Home Business Tourists Stuck in China Resort City After Covid Lockdown

Tourists Stuck in China Resort City After Covid Lockdown

0
Tourists Stuck in China Resort City After Covid Lockdown
Source: Getty

After a spike in coronavirus infections, more than 2,000 visitors were left stranded in a seaside city in China.

Authorities in Beihai ordered the weekend mass testing of the city’s 1.9 million citizens while locking down urban areas.

It comes as worries over China’s “zero-Covid” policy’s effects on the second-largest economy in the world increase.

According to data released last week, the nation’s economy contracted in the second quarter of this year as a result of COVID-19 limitations that affected businesses and consumers.

In the five days leading up to July 16th, Beihai, a well-liked summer vacation spot in southern Guangxi, China, registered more than 450 illnesses.

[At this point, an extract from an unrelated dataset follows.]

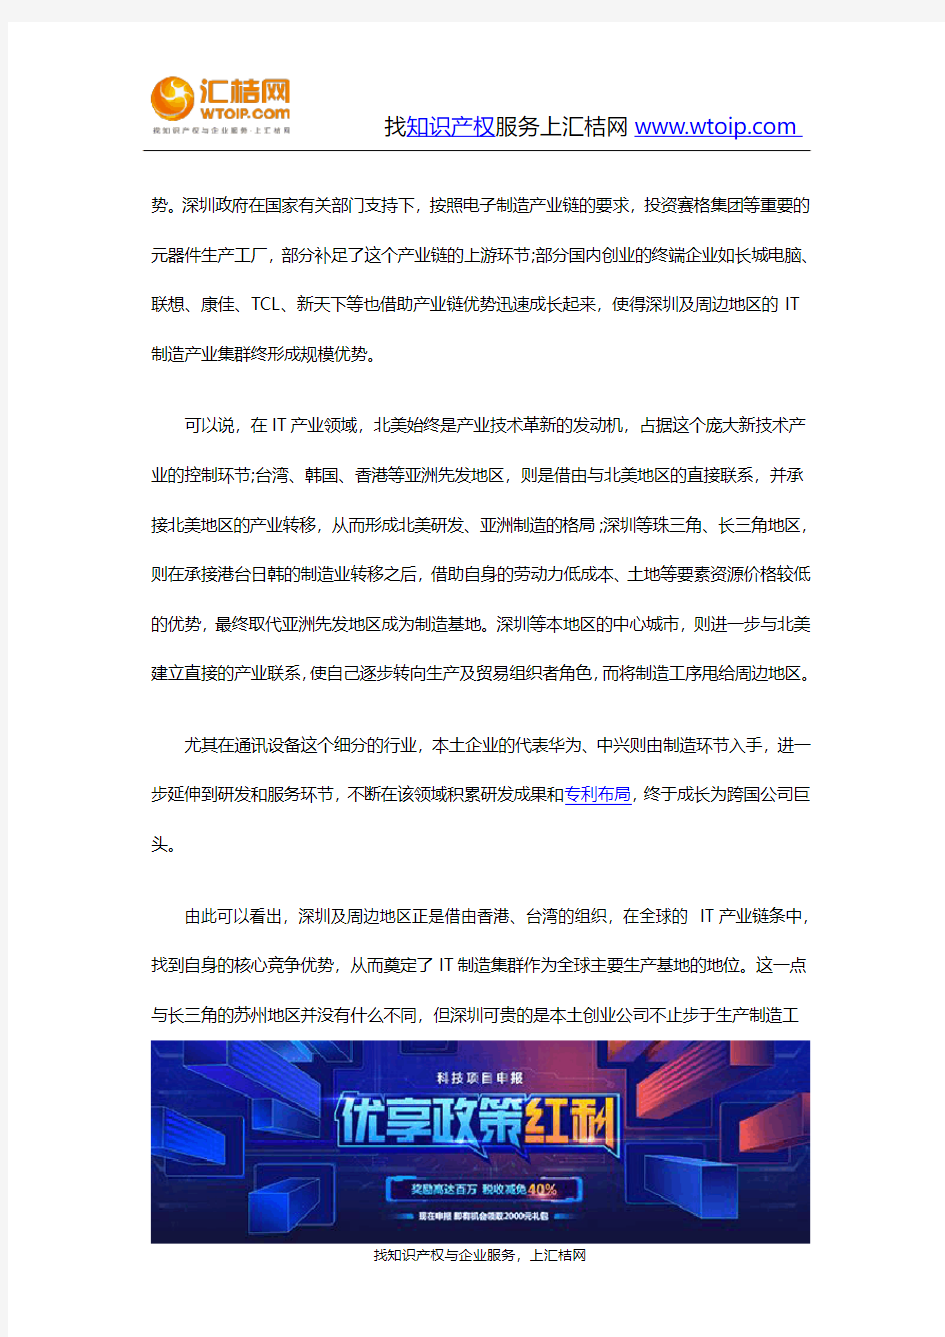 深圳发展高新技术产业的主要经验(III)

Even if the number of cases may appear modest by international standards, it is high by Chinese official criteria for the epidemic.

The local administration of Beihai said on Sunday that visitors who had not come into touch with someone who had the virus or who had not gone to a medium-risk or high-risk region would be permitted to depart provided they obtained a negative Covid-19 test.

Officials said at a press conference that the remainder must remain in the city and be confined.

In a comment that has earned more than 2,700 likes on the social media site Douyin, the Chinese equivalent of TikTok, a visitor on vacation in Beihai expressed her dissatisfaction.

“My three-month confinement in Shanghai recently ended. Did I irritate anyone by coming to Beihai for a breath of fresh air?” She spoke.

Authorities in other parts of China are ramping up their efforts to curb the increase of Covid cases.

On Monday, Shanghai’s municipal administration announced it will force citizens in more than half of its 16 districts to be tested for the virus, after doing similar tests last week.

The significant commercial, industrial, and financial hub didn’t reopen until June following a two-month shutdown.

It is one of several major Chinese cities confronting fresh illness clusters.

According to a statement published on Monday by the Japanese financial behemoth Nomura, the Covid situation in China has “significantly worsened on a national basis” during the previous week.

The analysts Ting Lu, Jing Wang, and Harrington Zhang stated that “based on our own assessment, 41 cities are now adopting complete or partial lockdowns or some form of district-based control measures, which entail harsh restrictions restricting the mobility of local population.”

They said, “These 41 cities account for 22.8% of China’s GDP [Gross Domestic Product] and 18.7% of China’s population.”

Government data released on Friday revealed the nation’s economy shrank significantly in the second quarter of this year as a result of widespread coronavirus lockdowns that had a significant negative impact on both businesses and consumers.

The GDP decreased from the prior quarter in the three months ending in June by 2.6 percent.

Shanghai was among the major cities in China that had complete or partial lockdowns at this time as the nation continued to adhere to its zero-Covid policy.

One of the most crucial measures of how well or poorly an economy is performing is the GDP, or gross domestic product.

It serves as a gauge for all economic activity by businesses, governments, and people.